Labels to attach to the batch inference job.

num_shards class-attribute instance-attribute

num_shards: Optional[int] = 1

Suggested number of shards to distribute the model. When not specified, will infer the number of shards based on model config. System may decide to use a different number than the given value.

quantize class-attribute instance-attribute

quantize: Optional[Quantization] = None

Whether to quantize the model.

seed class-attribute instance-attribute

seed: Optional[int] = None

Random seed for the model.

CreateBatchCompletionsRequest

Bases: BaseModel

Request object for batch completions.

input_data_path instance-attribute

input_data_path: Optional[str]

output_data_path instance-attribute

output_data_path: str

Path to the output file. The output file will be a JSON file of type List[CompletionOutput].

content class-attribute instance-attribute

content: Optional[
    CreateBatchCompletionsRequestContent
] = None

Either input_data_path or content needs to be provided. When input_data_path is provided, the input file should be a JSON file of type BatchCompletionsRequestContent.

model_config instance-attribute

model_config: CreateBatchCompletionsModelConfig

Model configuration for the batch inference. Hardware configurations are inferred.

data_parallelism class-attribute instance-attribute

data_parallelism: Optional[int] = Field(
    default=1, ge=1, le=64
)

Number of replicas to run the batch inference. More replicas are slower to schedule but faster to inference.

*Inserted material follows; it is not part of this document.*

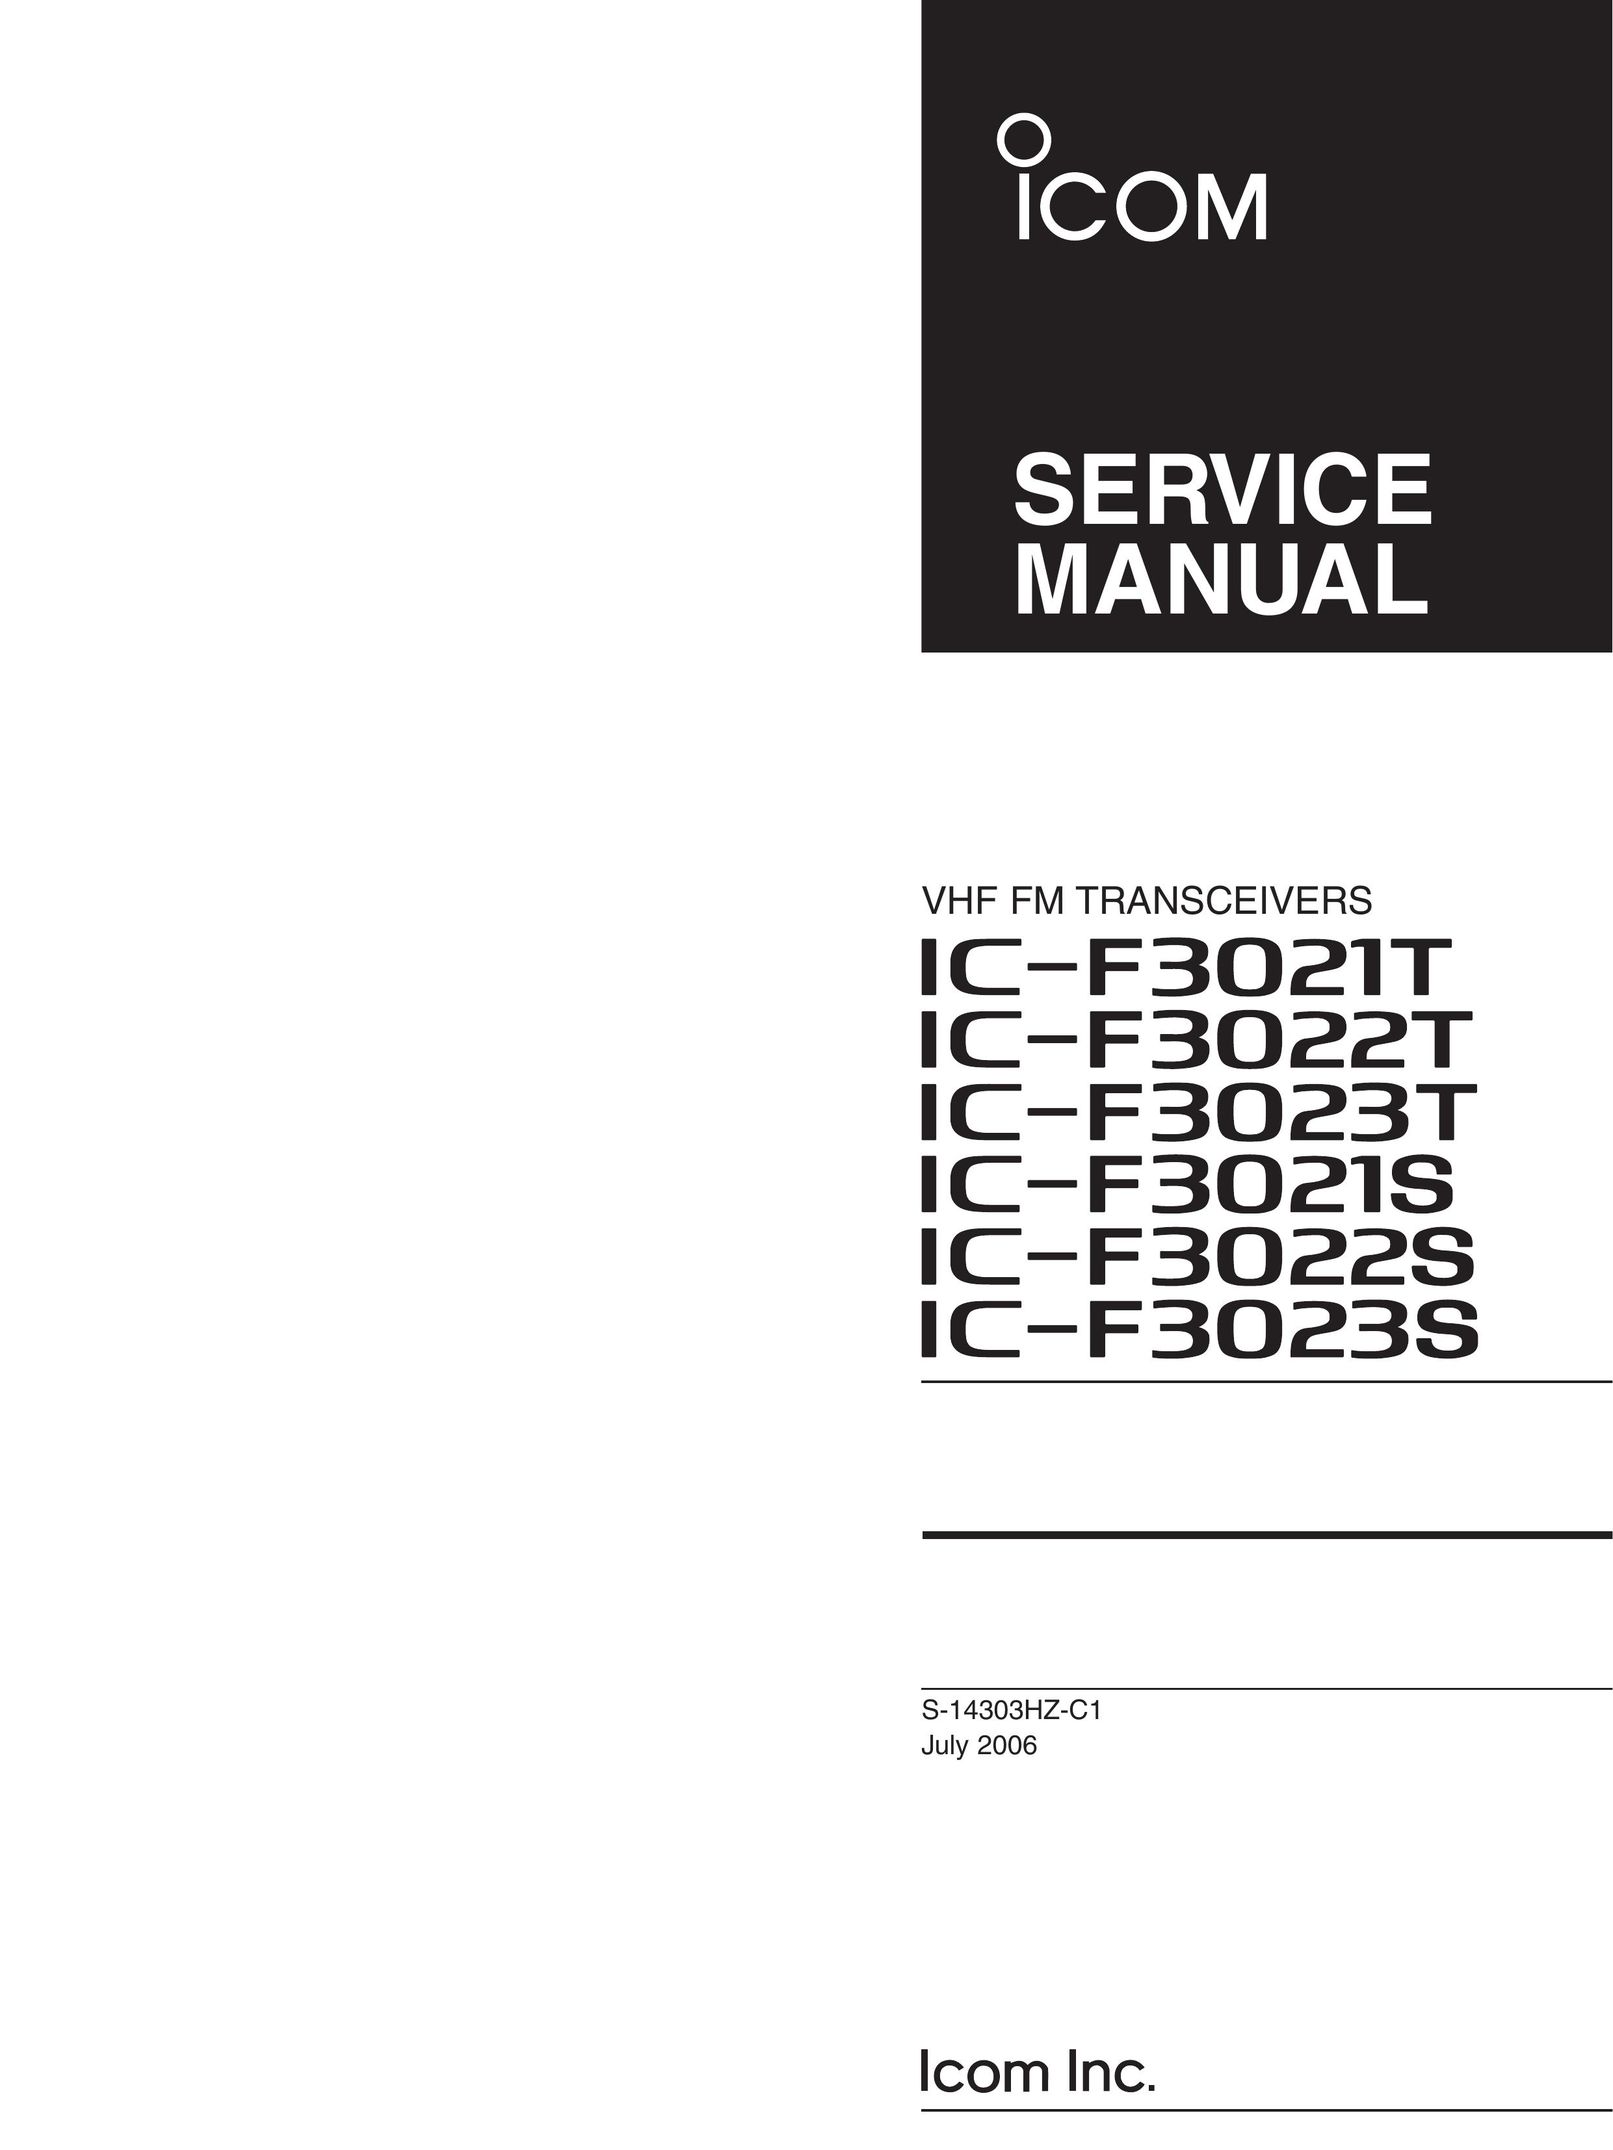 Icom IC-F3023S Two-Way Radio User Manual

max_runtime_sec class-attribute instance-attribute

max_runtime_sec: Optional[int] = Field(
    default=24 * 3600, ge=1, le=2 * 24 * 3600
)

Maximum runtime of the batch inference in seconds. Default to one day.

tool_config class-attribute instance-attribute

tool_config: Optional[ToolConfig] = None

Configuration for tool use. NOTE: this config is highly experimental and signature will change significantly in future iterations.

CreateBatchCompletionsResponse

Bases: BaseModel

job_id instance-attribute

job_id: str

The ID of the batch completions job.